Despite the notable gains in efficiency and accuracy achieved by DKR-YOLOv8 for mural element recognition and classification, several boundary conditions remain. First, the representativeness and consistency of data and annotations are not yet sufficient to guarantee generalization across sites, materials, and historical periods. Although our dataset covers canonical samples such as Dunhuang and multiple forms of degradation, substantial differences among collecting institutions—e.g., spectral responses, lighting setups, camera and lens characteristics, resolution, and compression policies—can introduce domain shifts. At the same time, restoration marks, overpainted inscriptions, secondary coloring, and dust shadows often share local statistical features with true ornamental boundaries, leading to confusion between “crack/line drawing” and “powdering/texture.” Severe scarcity of long-tail categories exacerbates class imbalance, whose dominant effect on learning has not been fully mitigated. Second, the method primarily targets object detection: while Kernel Warehouse dynamic convolution and Dynamic Snake Convolution improve the representation of tortuous edges and fine ornamentation, box-level supervision is insufficient for conservation tasks that require pixel-level interpretation. Current explainability relies largely on channel attention and class-activation maps—post hoc visualizations that do not map directly to causal explanations or evidentiary chains in conservation terminology. Third, the evaluation scheme still centers on general detection metrics, lacking processual and longitudinal quantification of practical benefits to conservation workflows. Finally, deployment and governance need strengthening: although lightweighting reduces compute barriers, inference latency and energy consumption may still become bottlenecks for ultra-high-resolution panoramic mosaics, low-illumination/high-reflectance scenes, and offline gallery devices. Issues of data sovereignty, tiered access to sensitive images, cross-institutional ontology alignment, and version provenance likewise call for more robust institutional and tooling support.

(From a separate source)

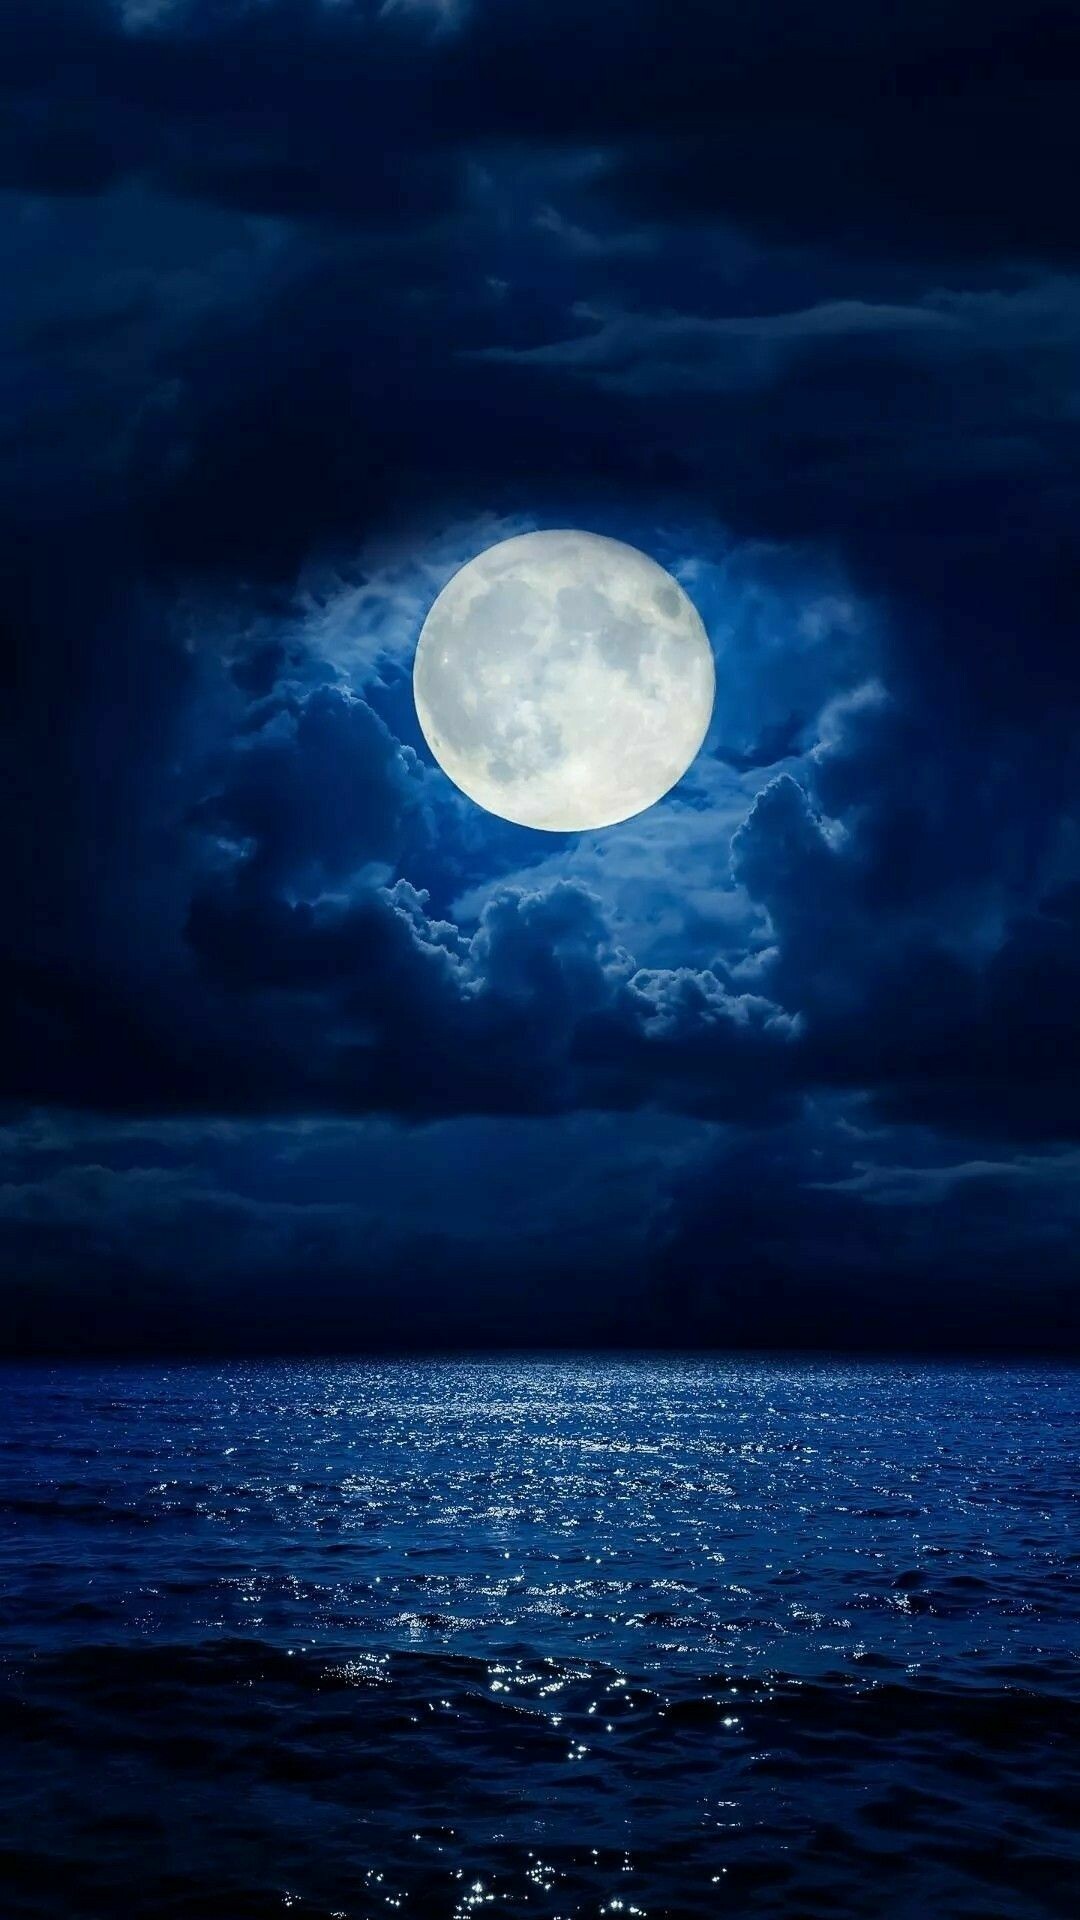 Moonlight: Celestial bodies, Night sky, Beautiful moon. 1080x1920 Full HD Wallpaper.

Looking ahead, we propose aligning and jointly learning visible light with UVF/IRR, multispectral/hyperspectral imaging, RTI, and shallow 3D, leveraging coupled spectral–material–geometric constraints to enhance interpretation of mural types and overlayer structures; geometry-aware FPNs or transformer architectures can improve robustness to distortions on curved surfaces and oblique mosaics. Using weak supervision grounded in hierarchical ontologies, together with metric learning and prototypical networks, can better support long-tail, few-shot categories. Active learning and uncertainty-driven sampling should concentrate limited annotation budgets on regions of maximal model confusion and disagreement, while cross-institutional continual learning and domain adaptation can mitigate performance drift induced by differences in equipment, lighting, and craft techniques. In task formulation, we advocate moving from “detection” to conservation-oriented semantic modeling—integrating instance/panoptic segmentation, crack-skeleton extraction, iconographic relation inference, and temporal change detection into an end-to-end multi-task framework that outputs structured evidence directly actionable for conservation decisions. For explainability and uncertainty management, we recommend proactive, auditable designs—concept bottlenecks, prototype/part-level attribution, and causal interventions to produce explanatory units aligned with conservation terminology—as well as confidence calibration and risk stratification to make the boundaries of “when not to trust the model” explicit within the workflow. In parallel, we also recommend establishing end-to-end lineage records and model cards—from data capture and annotation through training and release—to support cross-institutional review and reproducibility.

Author Contributions

Conceptualization, S.K., and J.L.; methodology, Z.G., and H.W.; resources, Z.G., and S.K.; data curation, Z.G., H.W., and J.L.; writing—original draft preparation, H.W., and Z.G.; writing—review and editing, S.K.; visualization, Z.G., S.K., and H.W.; supervision, S.K.; project administration, S.K.; funding acquisition, Z.G., and S.K. All authors have read and agreed to the published version of the manuscript.

Funding

This research was supported by the Innovation Training Program of the National Innovation and Entrepreneur-ship Project Fund of China (202410451009).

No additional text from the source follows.